To hide their malpractices, she claimed, the perpetrators were provoking students who had failed their exams to stage protests against the examination board. “If they have valid concerns, the students should instead approach the exam board for scrutiny of their papers.”

Over the course of the day, a large number of nurses from various public and private nursing schools in the city, including the Jinnah Postgraduate Medical Centre and the National Institute of Child Health’s schools, held a protest demonstration outside the Karachi Press Club for the third day. 

The protesters claimed that the current exams controller and her assistant, Rajpar, had deliberately failed them and alleged that the officials had demanded money from a large number of nurses to clear their supplementary exams.

Background interviews with health experts, doctors and health department officials suggest that Sindh’s nursing system is marred with corruption as money is extorted from nursing candidates at every step of the recruitment process.

Those running nursing schools and the examination board, it seems, continue to mint millions of rupees annually by approving admissions and clearing candidates in exams.

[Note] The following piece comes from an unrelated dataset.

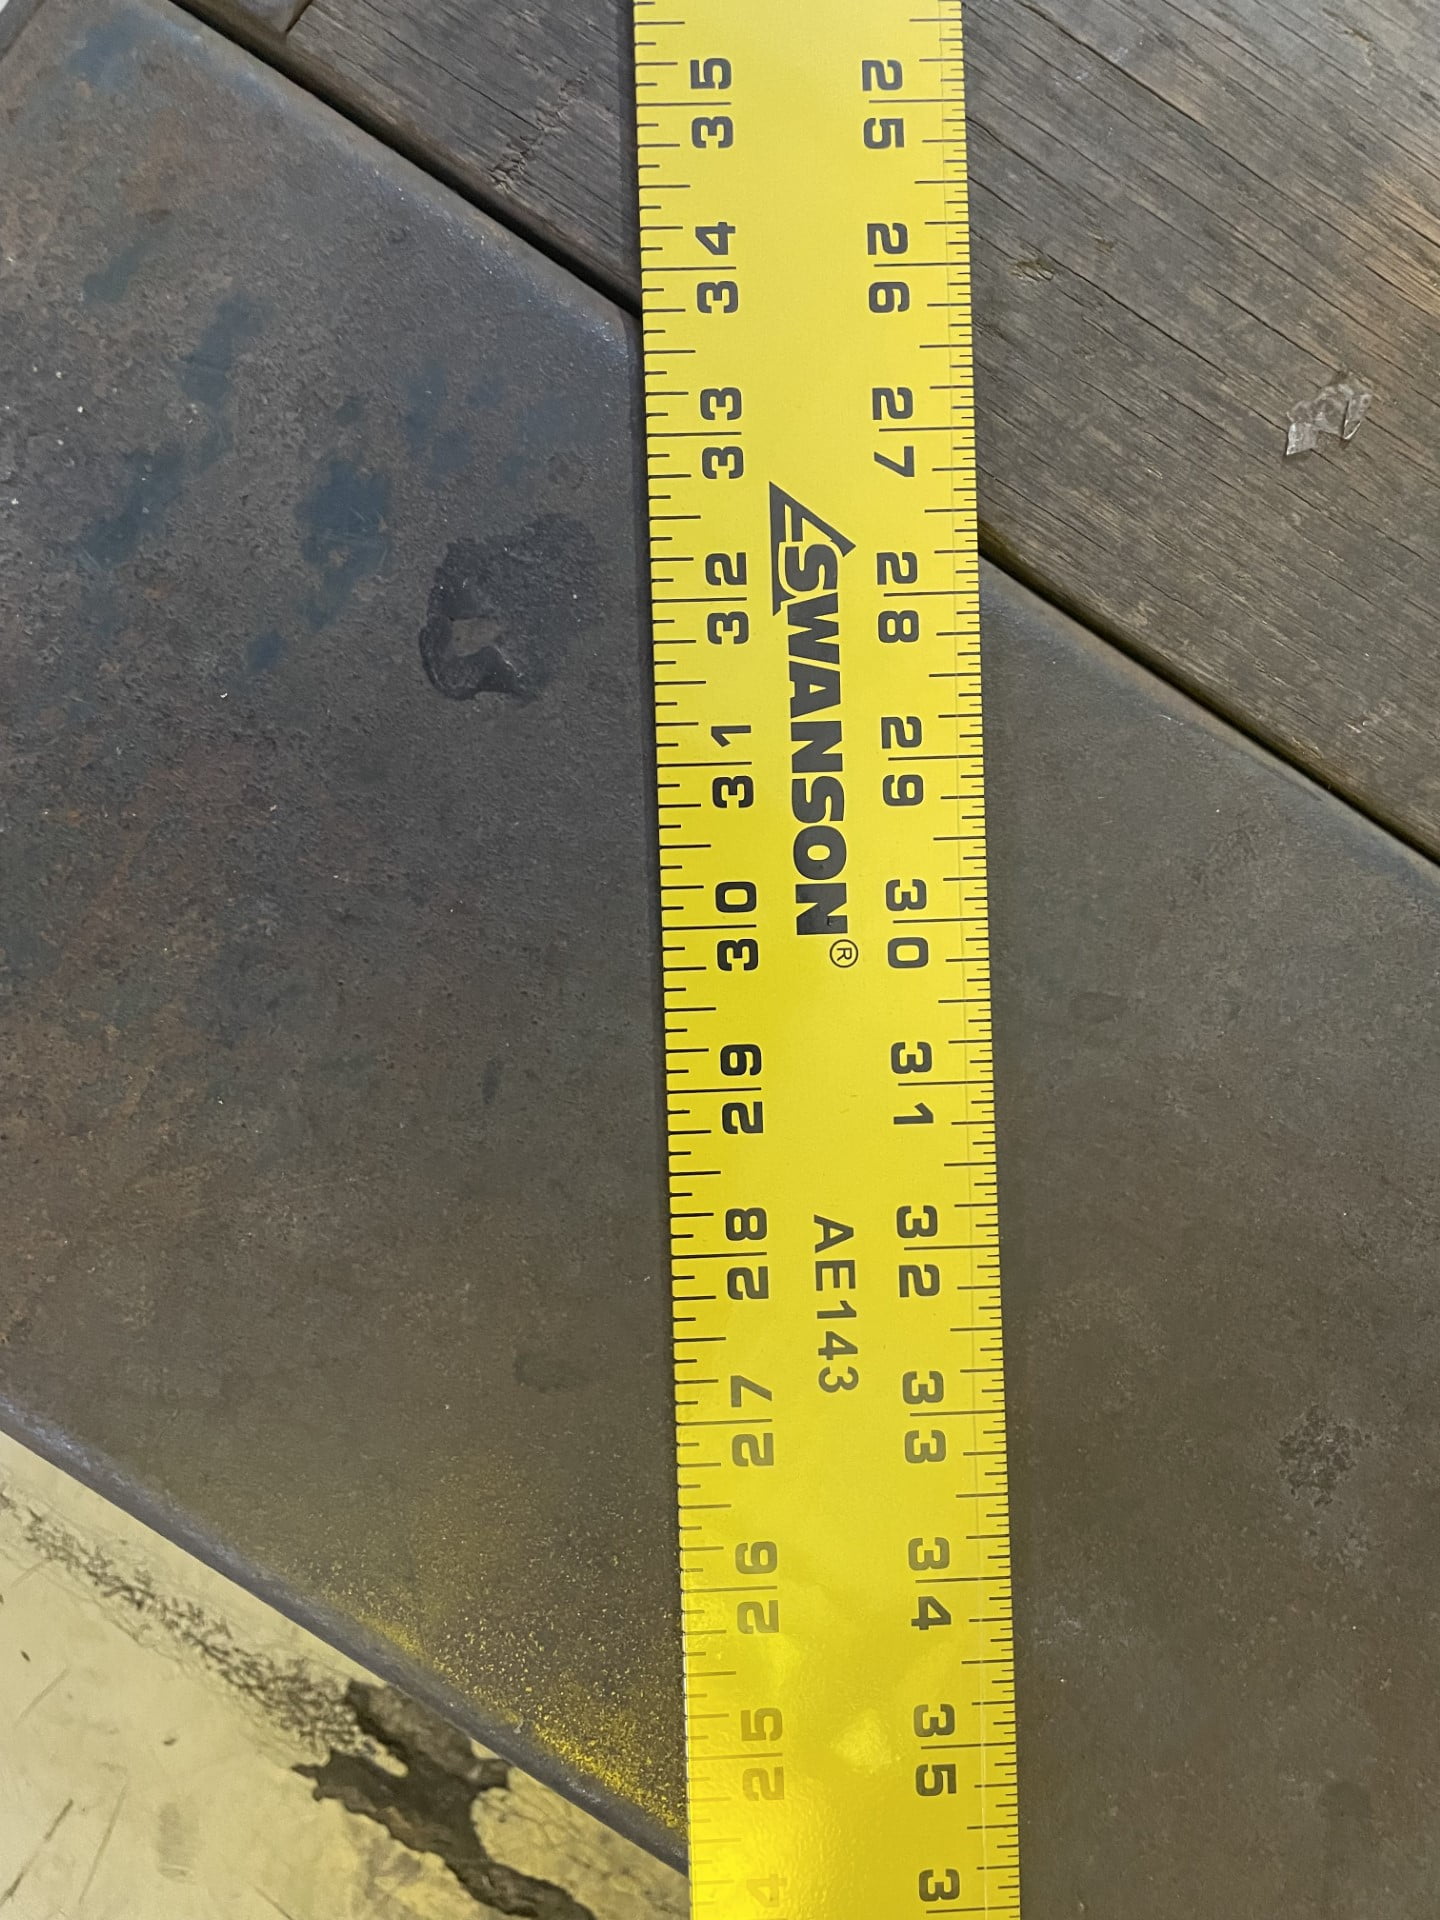 Swanson Tool AE141 36-Inch Yardstick, Yellow - Construction Rulers

“Admissions at public nursing schools are up for sale as the candidates receive a stipend from the provincial government. Rates of admissions skyrocketed after the provincial government recently increased the stipends from Rs6,000 to Rs15,000 per month,” an official of the health department told The News.

The official, who requested anonymity, claimed that private nursing schools existed in a large number in Sindh and they were giving admissions to candidates for money despite lacking qualified faculty and infrastructure.

“There is immense benefit of securing admission to a nursing school as candidates who would have only passed matriculation exams can then become ‘qualified’ nurses and work at both public and private hospitals,” the official said.

Khairunnisa, the current exams controller, however, alleges that the previous controller, his assistants and IT department officials were involved in such corrupt practices. 

On the other hand, a number of trainees and head nurses of various nursing schools accuse her of the same, and both sides have demanded that authorities concerned take action against the other.

Health experts in the private sector also allege that health department officials were supporting the corrupt staff in the SNEB. “Without their patronage and support, the standards of nursing education could not have been destroyed by just a handful of corrupt officials,” said a senior official.

“People in the provincial health department are also responsible for corruption in the nursing sector. They were receiving money from the previous SNEB officials and now they are taking their share from the current team. The real sufferers are the poor patients who are being left at the mercy of untrained nurses at both public and private hospitals.”